The idea is to have , But there are still problems , The backup king is not linked mysql, The backup function cannot be used , But not in a hurry , Here the backup King provides a function , Parameter setting . as follows

If we know the database account password and database name , Can I try to connect to the database . So now the key is to get the database account and password . How to get this ？ Don't forget , Before that, we got the source code compression package of the phishing website , Now let's unpack and analyze the source code . Look for the configuration file , There may be information we need . The source code directory is as follows

Now try to find the configuration file of the database , as follows , Sure enough, we got the information we wanted

Now go to the website and try to see if the connection is successful , Sure enough , Successful connection , as follows

Now you can try to take shell 了 . The pressure of drinking water is frightening , Synchronize the information with master , Fighting alone , How can it be worth the happiness of two people standing together .

Go backstage

Before we look at the source code , Found a a1 Folder , View folder related files , Know that this is the background path

Let's visit , Find out 404

It should have changed the background path , It doesn't matter , Let's simply try , Change the discovery to a7 了 , Now access a7 The interface is as follows

Or try to use backup Wang's account password , I found that the landing was successful

The backstage also won . Check the information , Most of them are dirty data . Go to ask the master if he has any information .

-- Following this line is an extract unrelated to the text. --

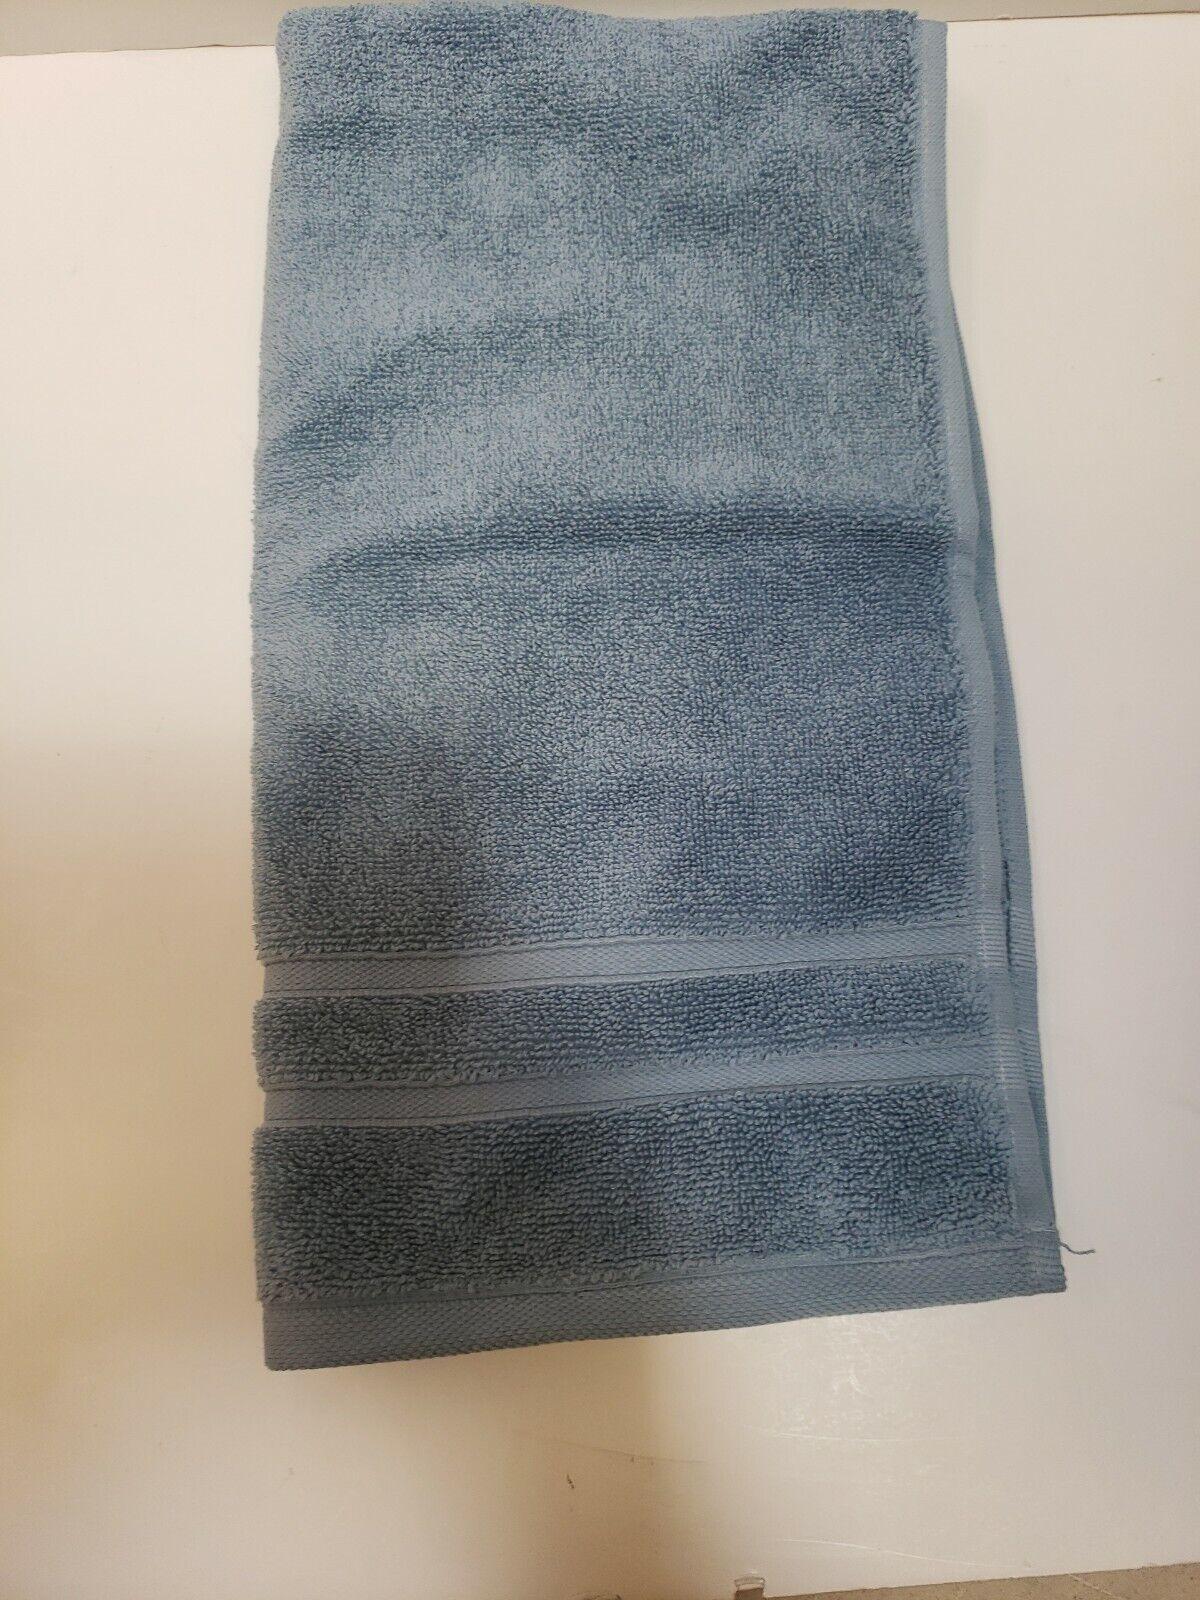 Waterworks Studio Bath Cotton Edisto Blue Hand Bath Towel blue 16 x 30 Inch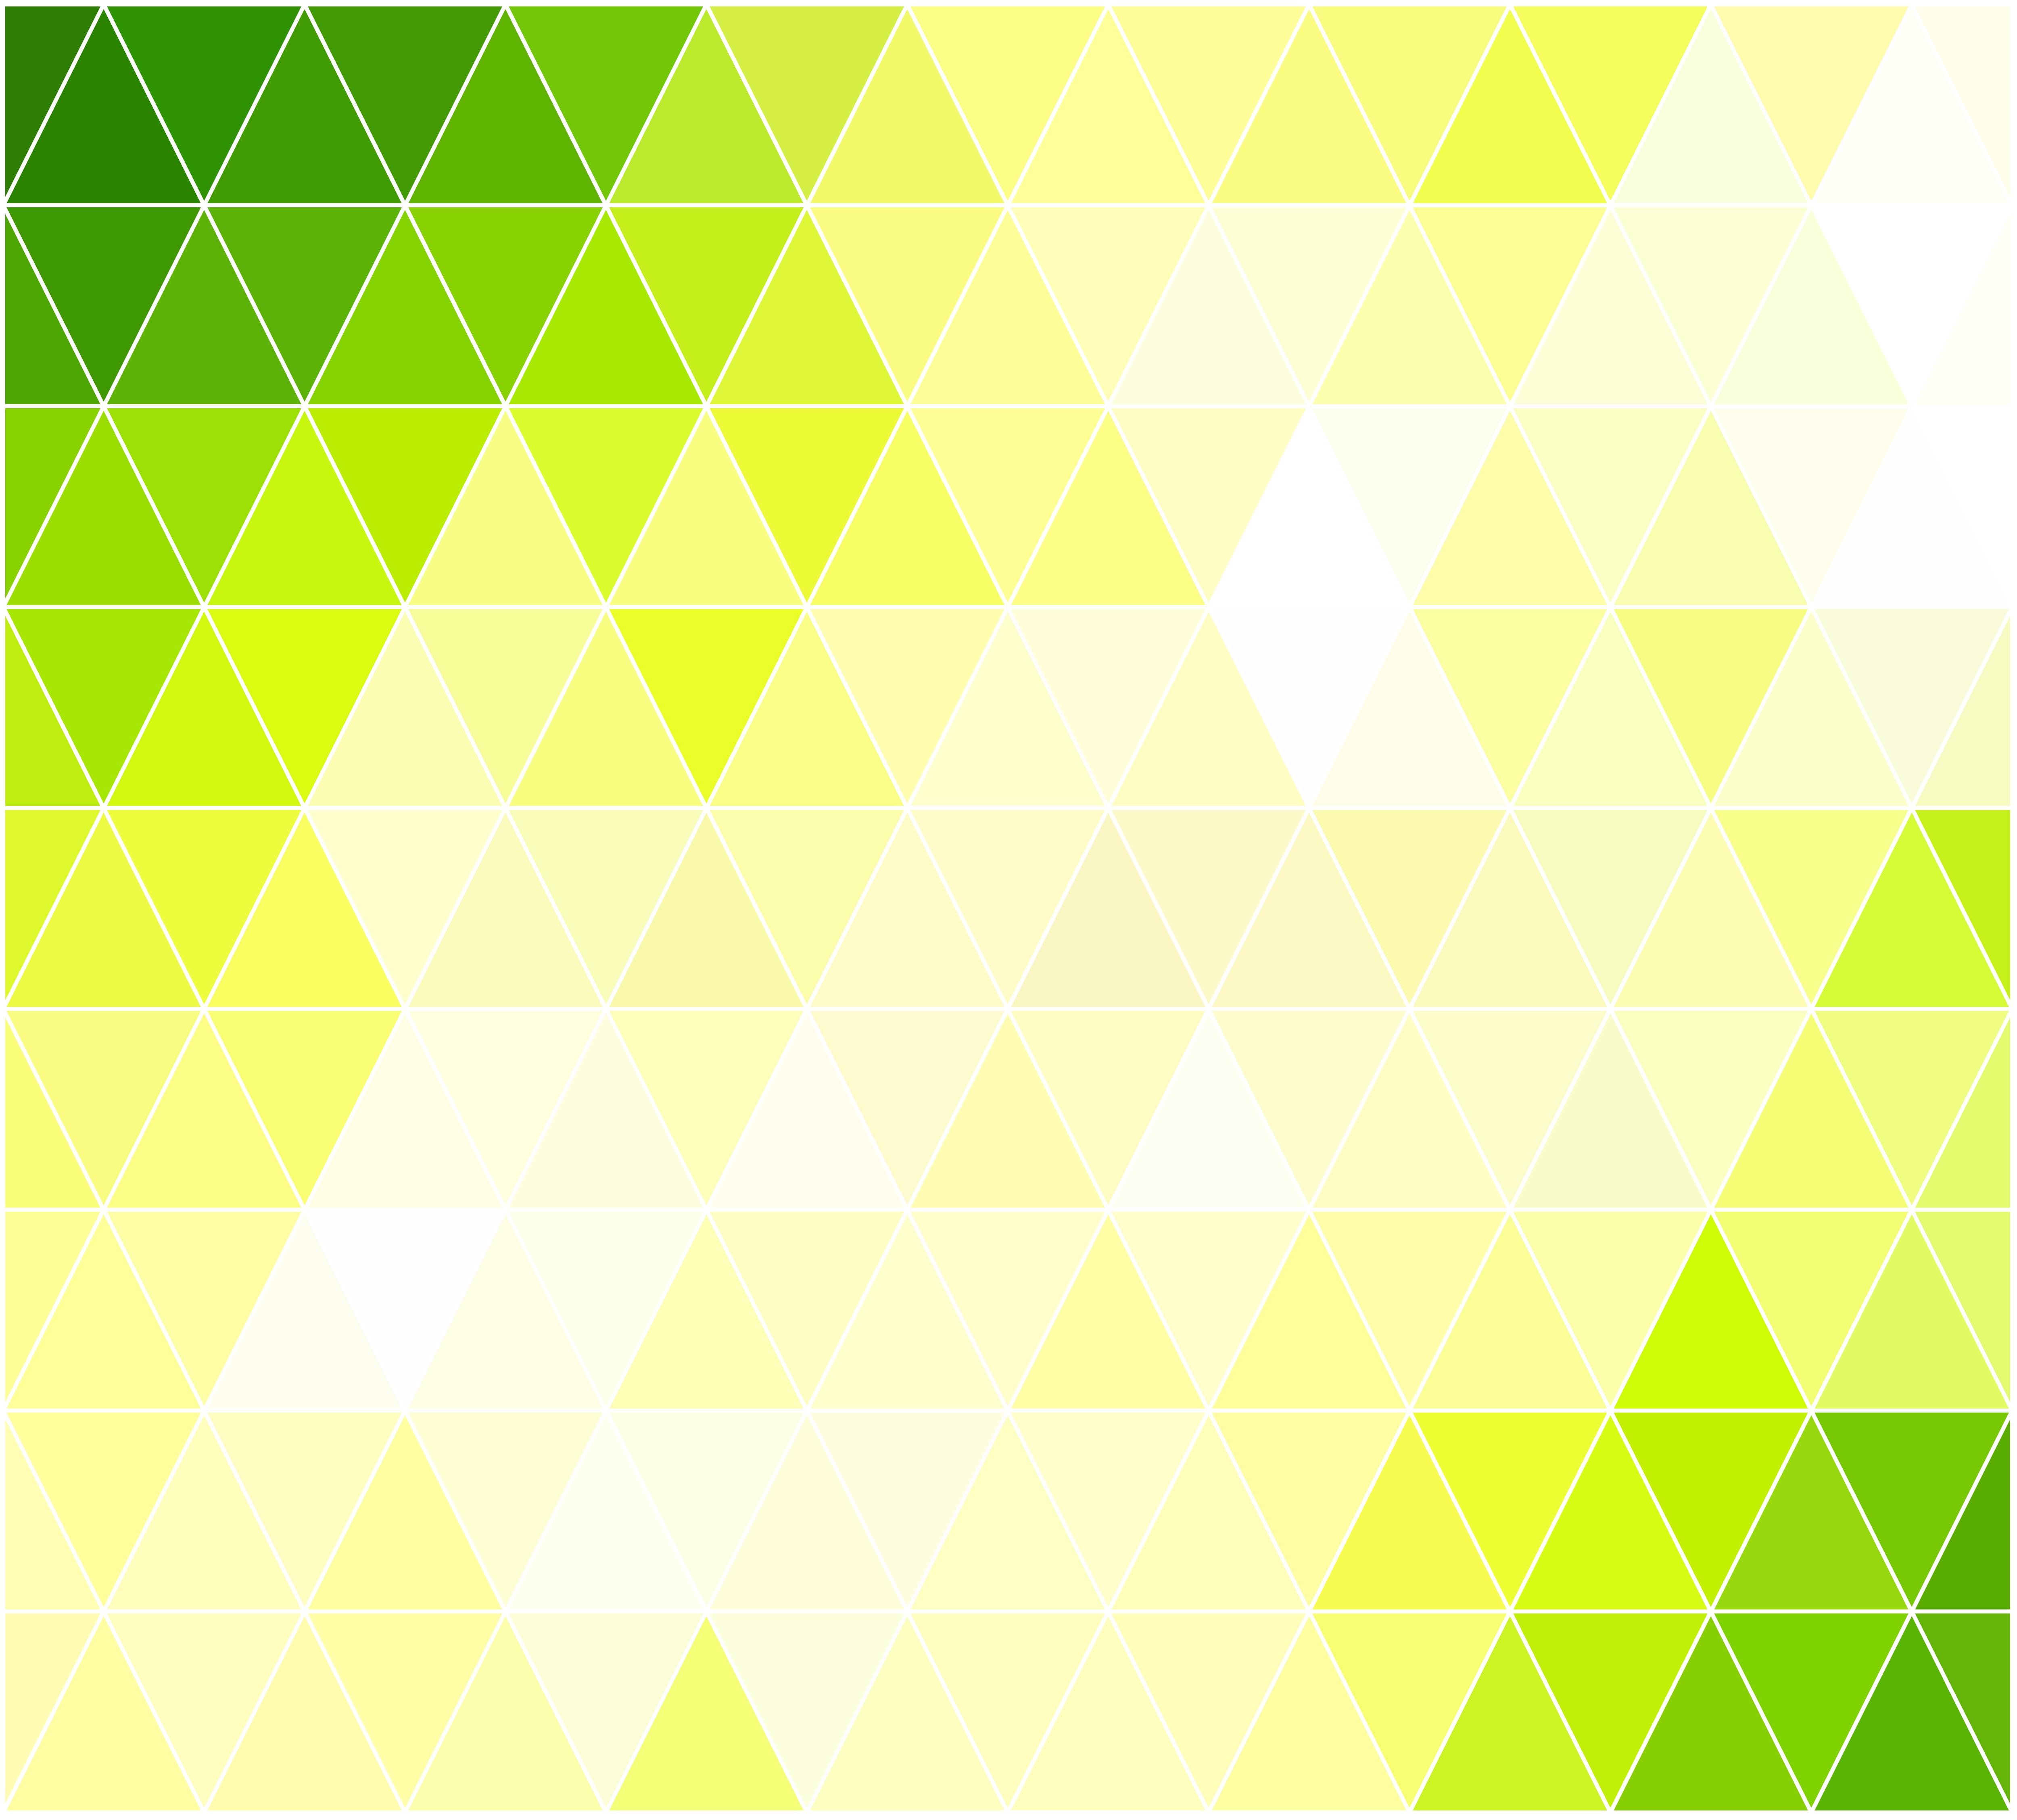 Green Grid Mosaic Background, Creative Design Templates ...

The address provided by the login master is as follows

There are still some data here , There are still people who have been cheated , Your personal information has been cheated , Finally, I input my mobile number , Received the verification code , Also submitted the verification code to the phishing website . Tencent's anti-theft mechanism , The second authentication can not stop many phishing websites . I would like to remind you to be vigilant , Be careful where you are prompted to enter your personal information .

Getshell

Now let's follow the previous train of thought Getshell, Compress first , Then download the compressed package .

And then there are new problems , The downloaded files are all empty ,

No data , So it can't be replaced , It's impossible Getshell 了 . What kind of human suffering is this . Now ask Master , Let's see what step master has taken .

It seems to be stuck , Don't lose heart. , Don't give up any details , Then go to the backup directory , Try downloading the original backup file , To view the .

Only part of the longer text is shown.